Question
· Feb 28

Estimate IRIS Health Connect database size based on HL7 message volumes

I'm looking for some simple heuristics to estimate the size on disk of a database based on average size of messages, number of messages per day and purge frequency. The purpose is for estimation of disk space requirements.

Clearly this is a how long is a piece of string question but for example, if you have a simple HL7 routing production that does nothing but process HL7. It receives 10,000 HL7v2 messages per day (all approx 1kb on the wire) in a single service, passes them to a single router and outputs to a single operation. What factor should you multiply the size of each message on the wire to get an approximation for the size on disk?

The inbound message will generate a message header object and a message body object held in globals. Both of those will have an index global. The message content is held in a stream which would be roughly the same size in bytes plus a small overhead.  There will be new header for each message shunted between business hosts within the production. There's also event logs  Then there's database block size and packing to consider before thinking about filesystems!

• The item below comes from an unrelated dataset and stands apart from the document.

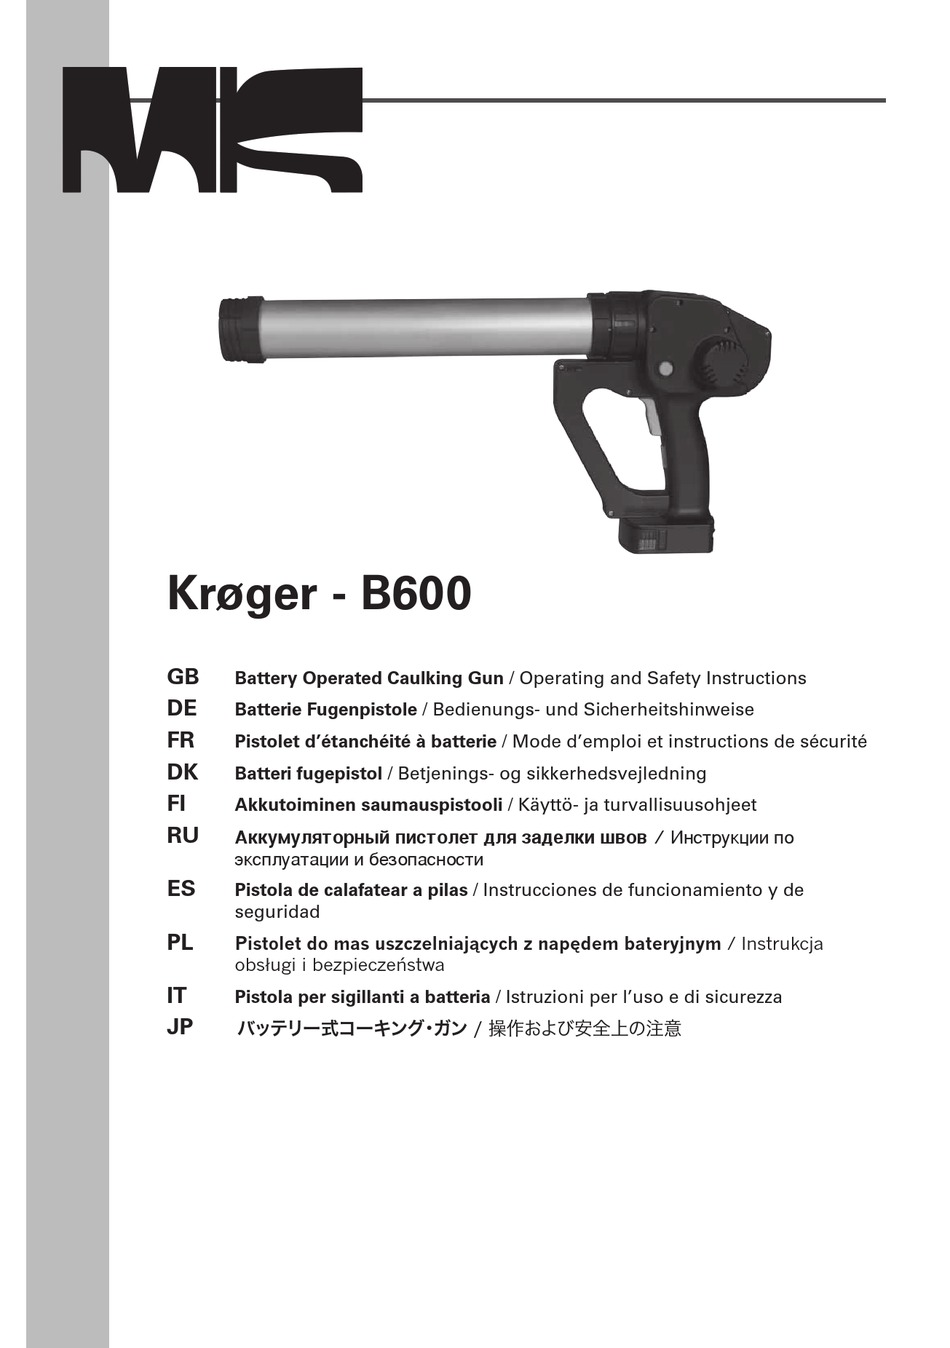 KROGER B600 OPERATING SAFETY INSTRUCTIONS MANUAL Pdf Download | ManualsLib

Depending on how I do back-of-envelope maths, I come up with something between a factor of 2x and 5x on-the-wire bytes. I'm inclined to think it's closer to the 2x as I suspect it's more efficient than the 5x, but better to over-estimate than under.

Discussion (3)2
Log in or sign up to continue

This might not be exactly what you’re looking for, as it requires an actual working interface to perform the estimation, and not just a "concept/design" of the interface, but worth checking it out. It indeed takes into account for example also the Event Log, as well as Journals which you didn't mention above but might be important for you as well.

https://community.intersystems.com/post/ensemble-interfaces-disk-space-u...

You might also find this HL7 benchmark post by @Mark Bolinsky useful, specifically the section titled "Disk Configuration", and the related "Table 2" there.

For convenience I'm pasting this table here (but read the original post for the full context, for example your scenario sounds more like the "T2 Workload" described there, rather than the "T4" one) -

Table 2: Disk Requirement per inbound HL7 T4 Message  

Contributor Data Requirement
Segment Data 4.5 KB
HL7 Message Object 2 KB
Message Header 1.0 KB
Routing Rule Log 0.5 KB
Transaction Journals 42 KB
Total 50 KB